Он застонал и стиснул зубы.

"Где я? – с ужасом подумал Андрей. – На каком берегу? Обошли нас? Разбили? Что будет дальше? Как кончился бой? Что же теперь будет?"

От боли, пронзившей вдруг все тело, у него закружилась голова, он повалился на спину. Мордастый сержант снова пихнул его ботинком в бок.

– Попался, боло…

Молодой черноволосый парень без мундира, в пестрых подтяжках, игравший на губной гармошке, поднял голову и, с неприязнью посмотрев на сержанта, резко сказал ему что-то. Сержант зло ответил. Они стали переругиваться. Сержант вдруг нагнулся к Андрею, коротким, боксерским ударом ткнул его в подбородок и отскочил на полшага, точно любуясь судорогой, которая пробежала по лицу пленного.

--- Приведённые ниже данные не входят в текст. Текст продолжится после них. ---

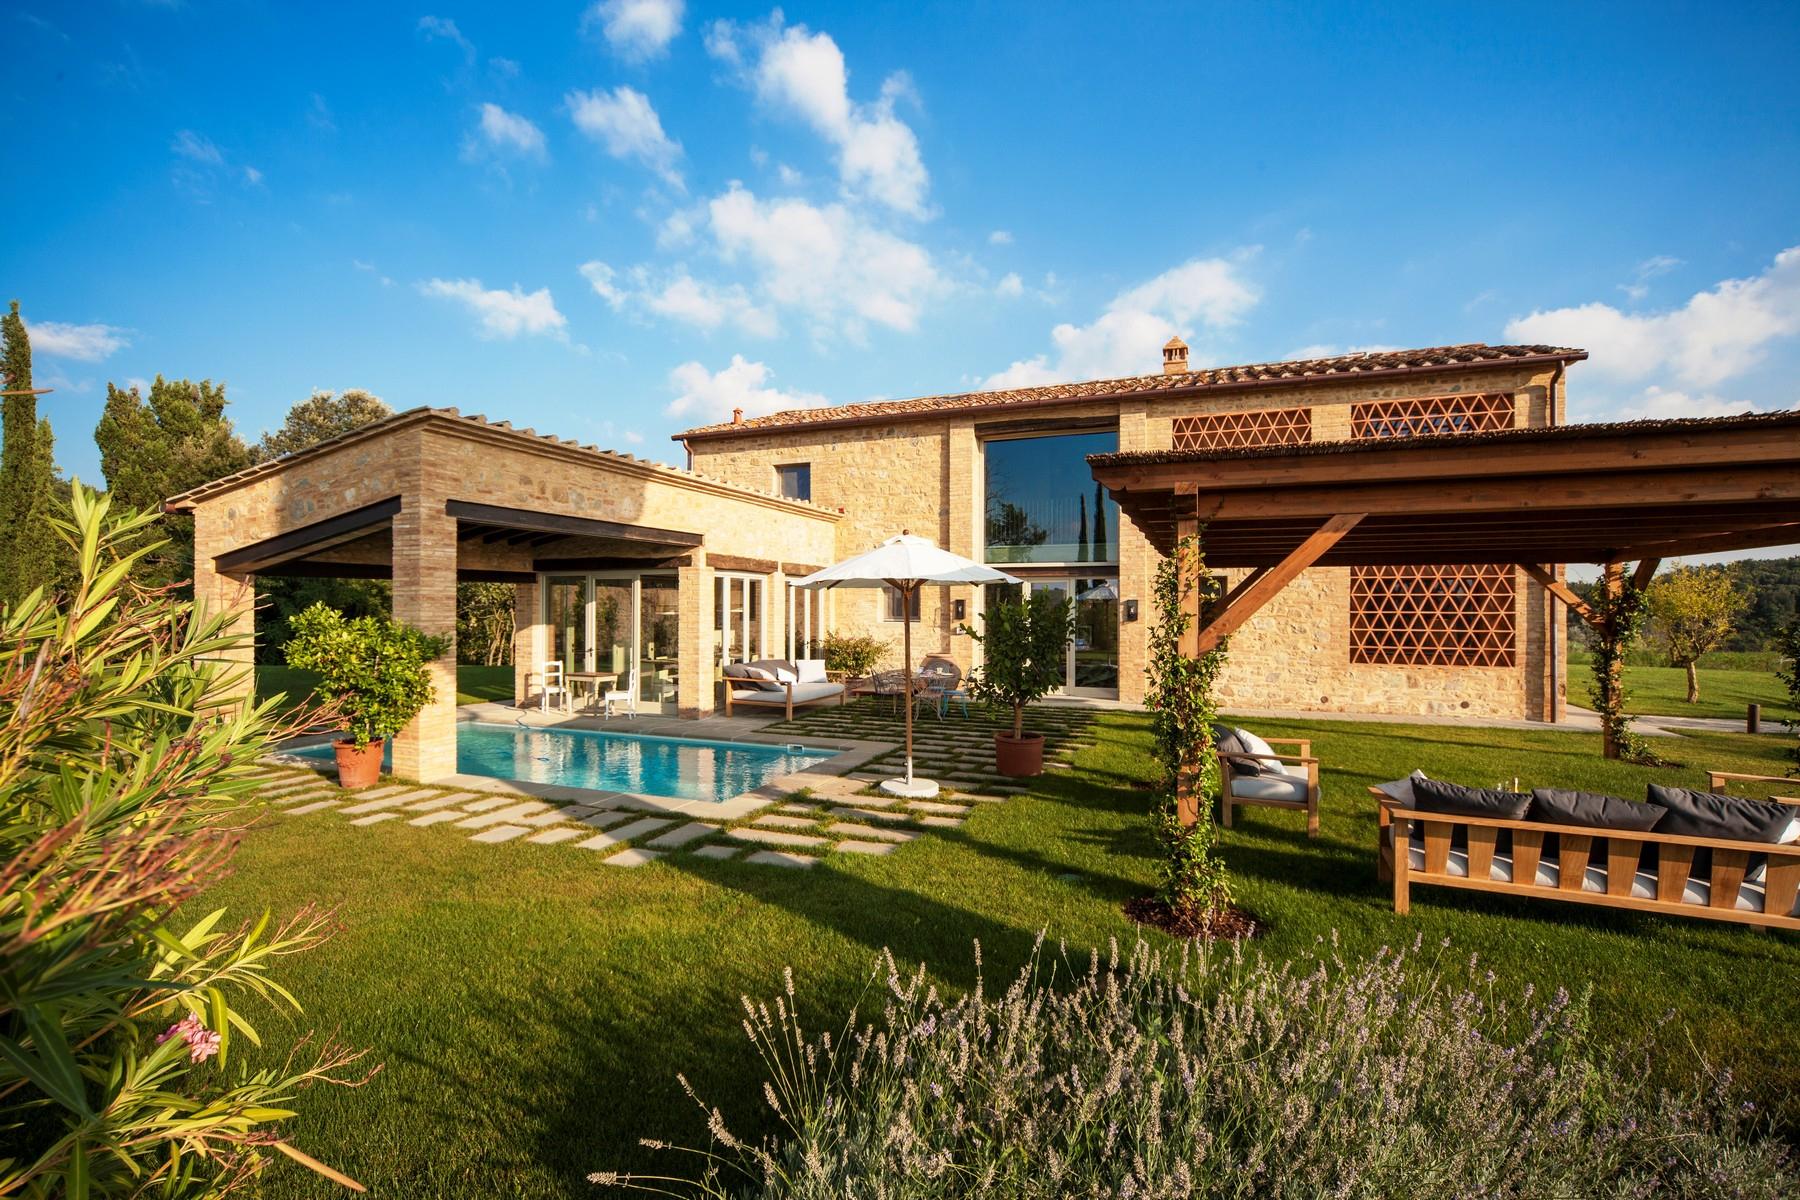 Villa in Vendita a Montaione: 5 locali, 280 mq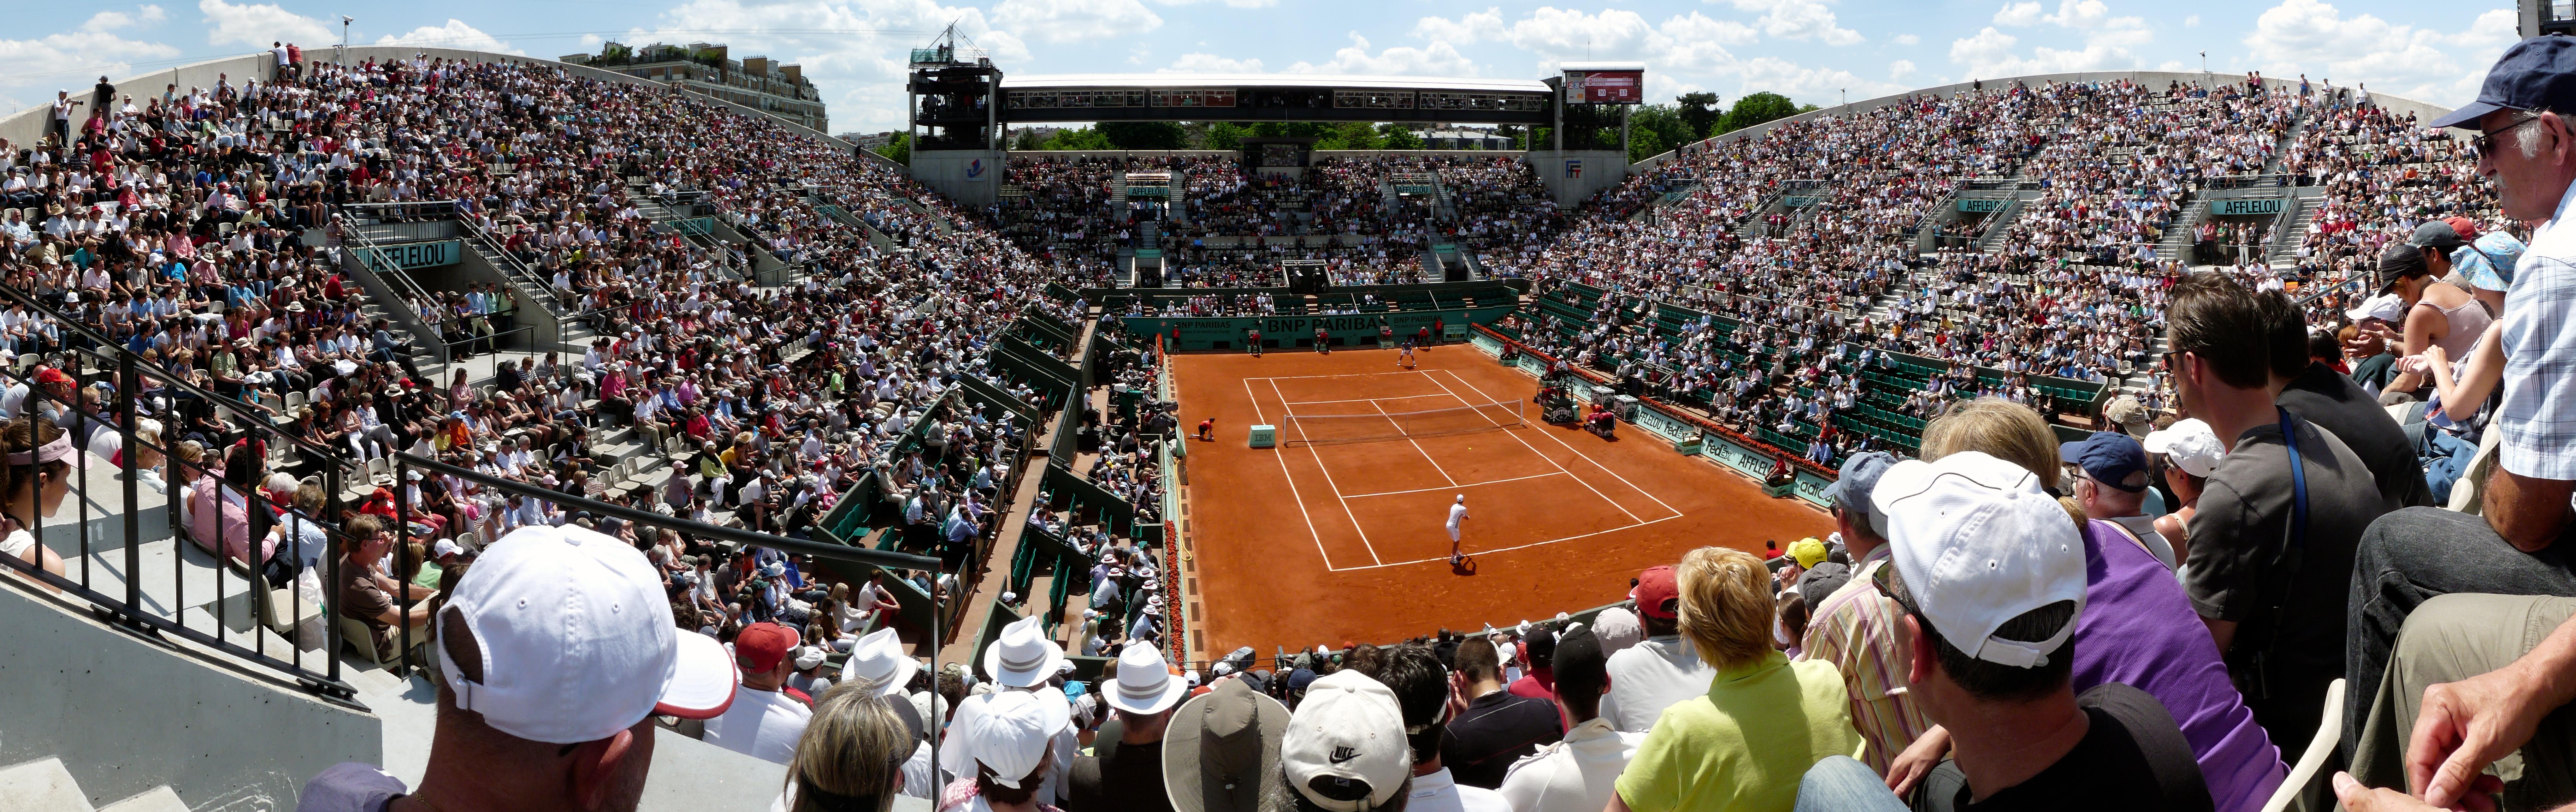 File Court Suzanne Lenglen 3¨me tour de Roland Garros 2010

Солдат в пестрых подтяжках вскочил и закричал на сержанта, размахивая своей маленькой блестящей гармоникой.

Но Андрей уже не слышал этого: он опять потерял сознание.

Окончательно пришел в себя он только через несколько часов. Теперь Латкин находился в темном трюме баржи, среди нескольких десятков таких же пленных красноармейцев, как и он. Некоторые из них были ранены. Никто не оказывал им никакой медицинской помощи, и они разрывали на бинты свои рубашки.

День сменялся ночью, на смену ночи опять приходил день. Вот все, что запомнилось Андрею в этом страшном путешествии. От товарищей, попавших в плен позже, он узнал, что интервенты в конце концов были выбиты с нашего берега. Тут же ему рассказали о смерти Павлина Виноградова. Валерий был жив. Все эти известия, радостные и горькие, Андрей воспринимал сейчас с тупым безразличием. Мысли мешались у него в голове. Красноармейцев почти не кормили.

Когда на пятый день пленных выгрузили в Архангельске и отвели в тюрьму, Андрей еле держался на ногах.

Первым в тюремную канцелярию вызвали почему-то именно его.

В канцелярии за письменным столом сидело несколько офицеров. Один из них, белогвардеец, вел допрос. Двое иностранных офицеров молча слушали. В стороне от них на деревянном диване, дымя сигаретой, сидел американский офицер.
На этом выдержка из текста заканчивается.